* **BRIEF**: Your answer should hold exactly the lines beginning with the one that contains "Lexus IS 300 Black" and ending with the last line of the material, both included. Leave every picture out.

* **THE DATA**:
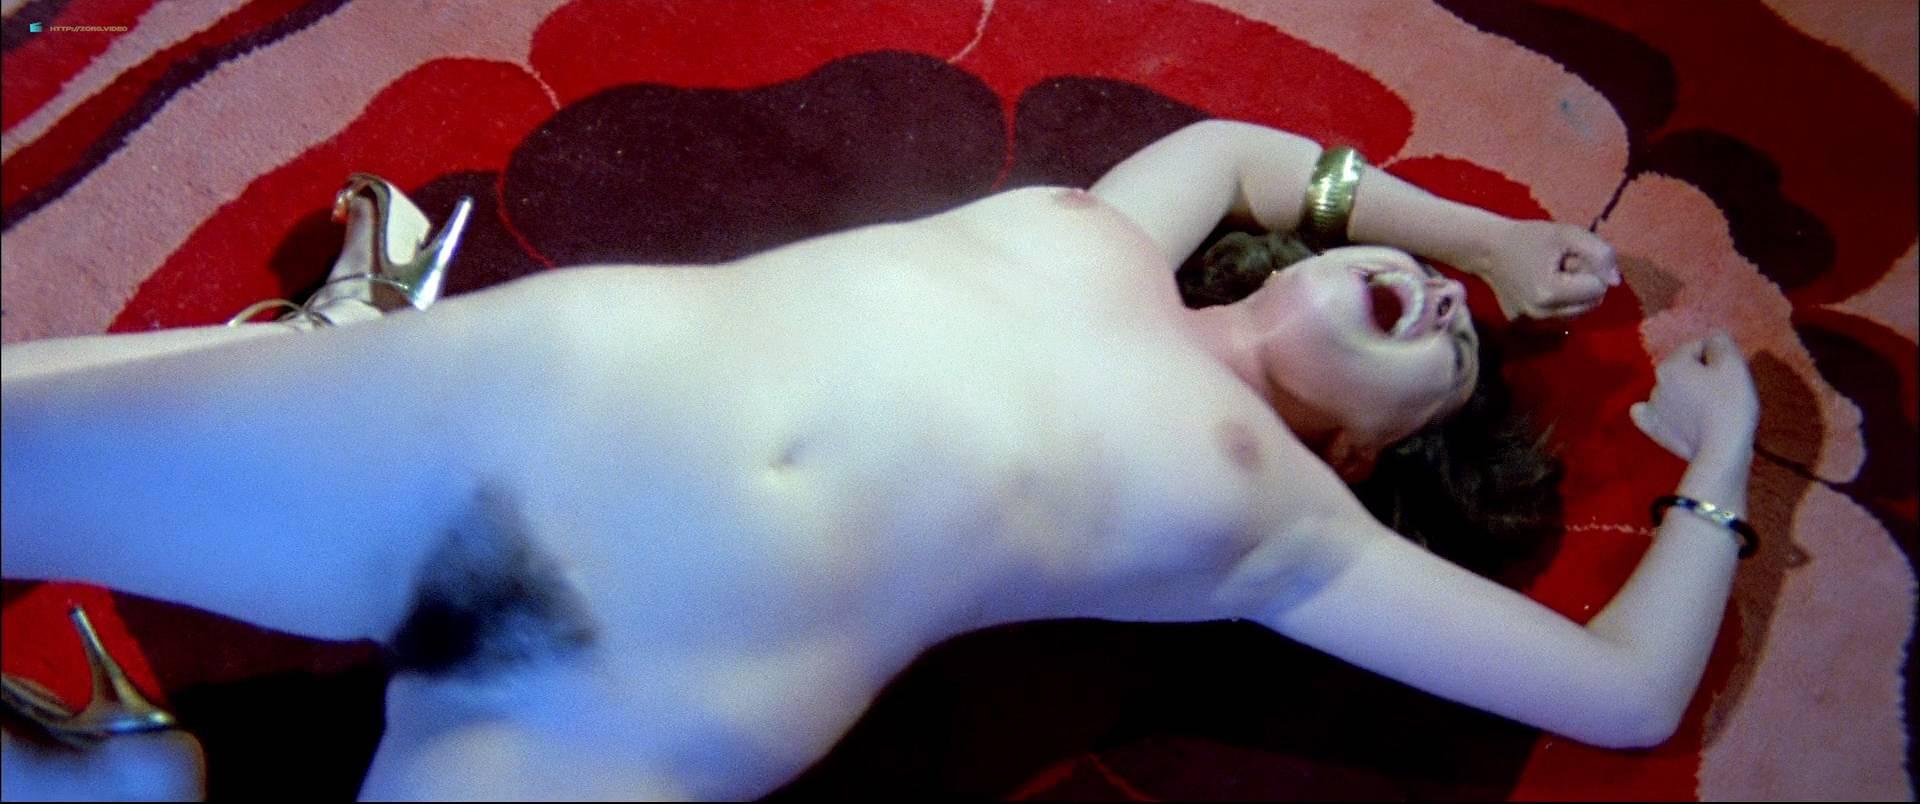 Lina Romay nude full frontal Mari Carmen Nieto, Alicia Príncipe nude too - Night of 1,000 Sexes (SP-1984) HD 1080p BluRay (12)
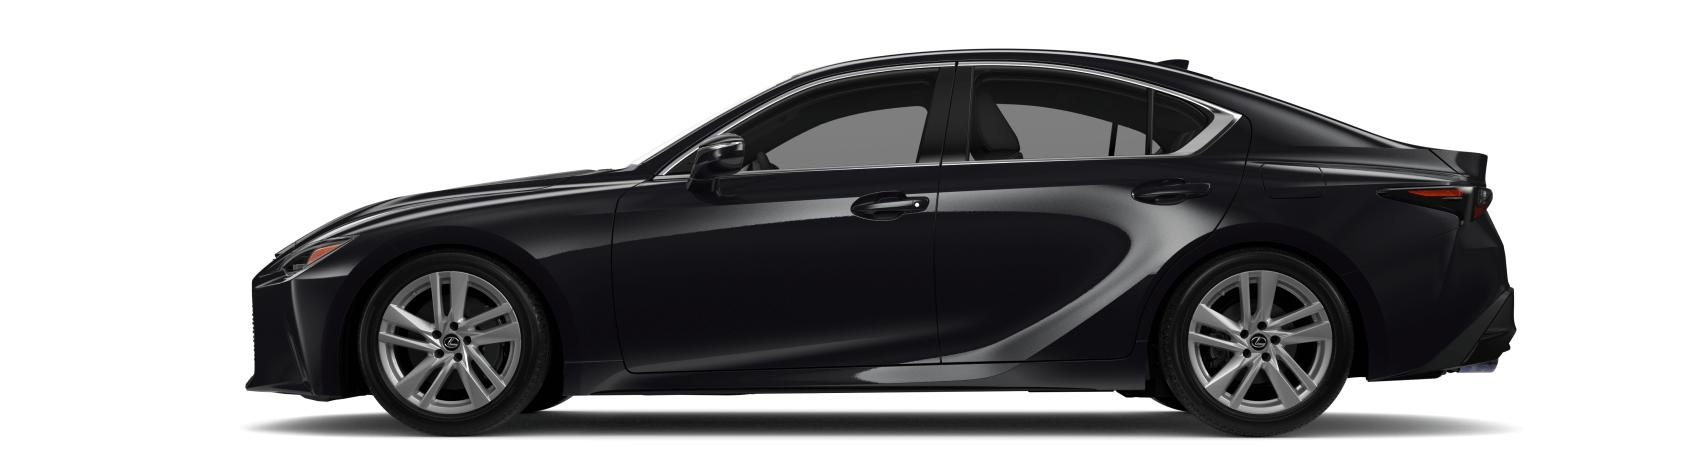 Lexus IS 300 Black
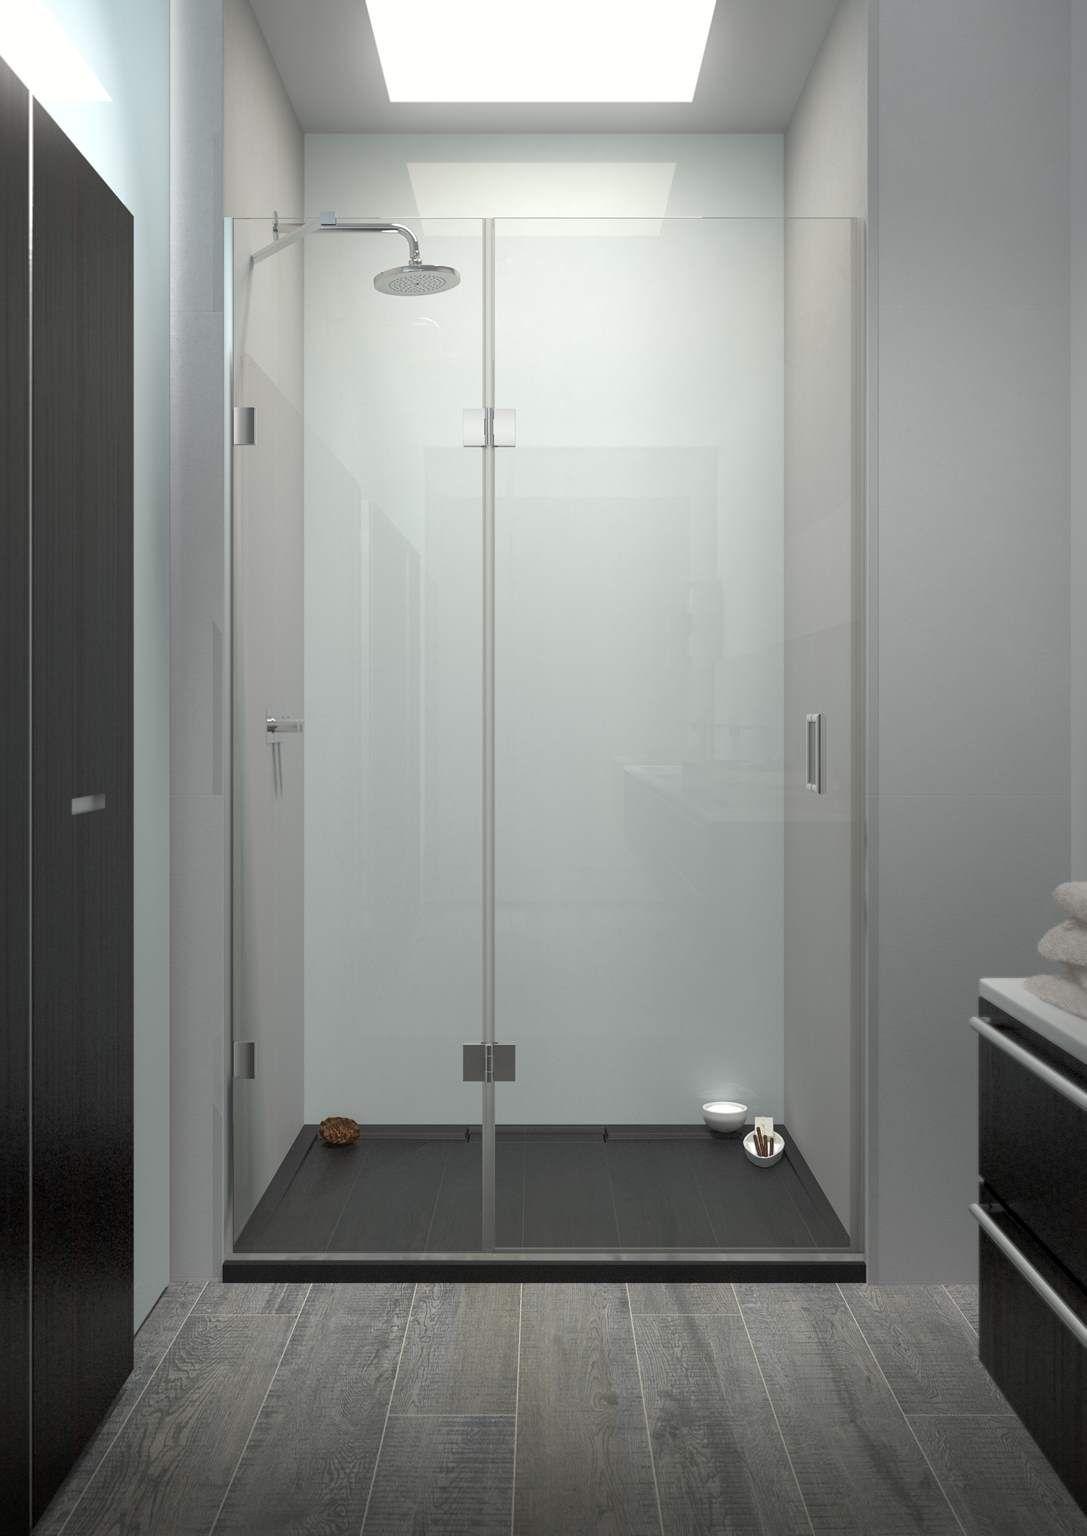 Floor To Ceiling Glass Shower Screen Fermium 04 Inline Panel

* **FINISHED EXERCISE**:
 Lexus IS 300 Black
 Floor To Ceiling Glass Shower Screen Fermium 04 Inline Panel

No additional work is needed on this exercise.